O Rincão dos Caixões, em Jacuizinho (22 famílias em 226,16 ha). ainda está em fase de desapropriação. O Incra está na posse do território e a comunidade está usufruindo integralmente a área, mas ainda não foi titulada.
O maior quilombo com processo em andamento no Estado é o Morro Alto. Desde 2011, 456 famílias reivindicam 4.564,4 hectares nos municípios de Maquiné e Osório.
Em Viamão, duas das três comunidades quilombolas estão com processo em curso, o da Anastácia e o Cantão das Lombas, 28 famílias em 154,75 ha, com processo em tramitação desde 8 de dezembro de 2021.

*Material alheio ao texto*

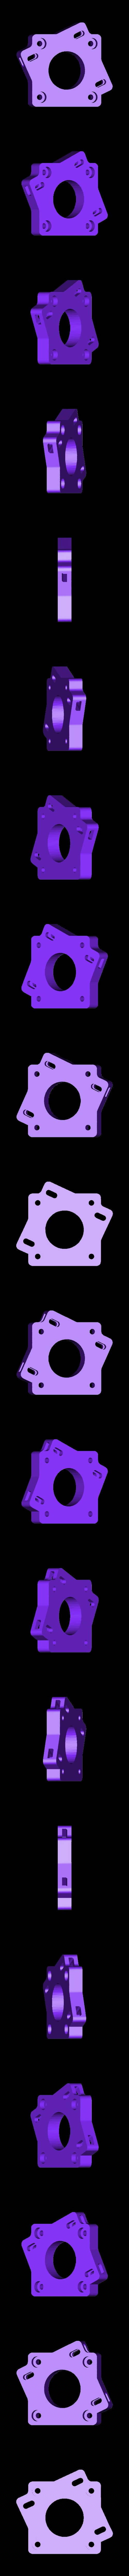 X-Motor-Tensioner.STL Download free STL file Prusa MK3, MK2S X-Axis Belt Tensioner • 3D print object, HoytDesign

Nove quilombos gaúchos foram incluídos em uma Portaria no Diário Oficial do governo federal, mas as comunidades ainda não receberam os títulos das terras. São eles: São Miguel (Restinga Seca), Manoel Barbosa (Gravataí), Arvinha (Coxilha e Sertão), Cambará (Cachoeira do Sul), Mormaça (Sertão), Palmas (Bagé), Limoeiro (Palmares do Sul), Areal Luis Guaranha (Porto Alegre), e dos Alpes (Porto Alegre).
Censo 2022: Brasil tem 1,3 milhão de quilombolas
Dados inéditos sobre população quilombola no país foram divulgados em julho deste ano de 2023 pelo Instituto Brasileiro de Geografia e Estatística (IBGE), resultado do Censo 2022.
Segundo matéria da Agência Brasil, o país tem 1,32 milhão de quilombolas, residentes em 1.696 municípios.
Os quilombos Kalunga, em Goiás, e Erepecuru, no Pará, são os maiores do Brasil. O primeiro envolve 54 comunidades, com 888 famílias, em uma área de 261,99 mil hectares, e o segundo, vivem sete comunidades, com 154 famílias, em uma área de 231,6 mil ha.
O total de títulos concedidos é de 322, em 206 territórios, envolvendo 356 comunidades, 21.093 famílias e 1,090 milhão de hectares de área titulada, dos 1,513 milhão de ha reconhecidos. Significa que 72% da área reconhecida foi titulada.
Na divulgação da publicação Brasil Quilombola: Quantos Somos, Onde Estamos?’, em Brasília, o presidente em exercício do IBGE, Cimar Azeredo, considera que os números inéditos sobre esse grupo populacional são uma verdadeira reparação histórica de injustiças cometidas no passado.
“São essas populações que mais precisam das estatísticas, desses números. A gente precisa saber quantas escolas, quantos postos de saúde, coisas relacionadas à educação e tudo o que essa população quilombola precisa, como a titulação [de terras]. Os dados que estão sendo apresentados hoje, pelo IBGE, se tornam, praticamente, uma reparação histórica”. Cimar Azeredo adiantou que, brevemente, o IBGE vai apresentar informações básicas sobre pessoas indígenas e moradores de comunidades e favelas.
A representante da Organização das Nações Unidas no Brasil, Florbela Fernandes, destacou que o levantamento e a divulgação de dados sobre a população quilombola no Brasil tem um simbolismo enorme a todo o país. “A inclusão de um quesito específico para a população quilombola [no censo] representa um marco de reparação histórica importante e que serve de investigação de referência para outros países da diáspora africana”. “Essa é a primeira pesquisa oficial para coletar dados específicos sobre a população quilombola. Após 135 anos da abolição da escravidão no Brasil, finalmente, saberemos quantos quilombolas são exatamente, onde estão, e como vivem”, comemorou Florbela Fernandes.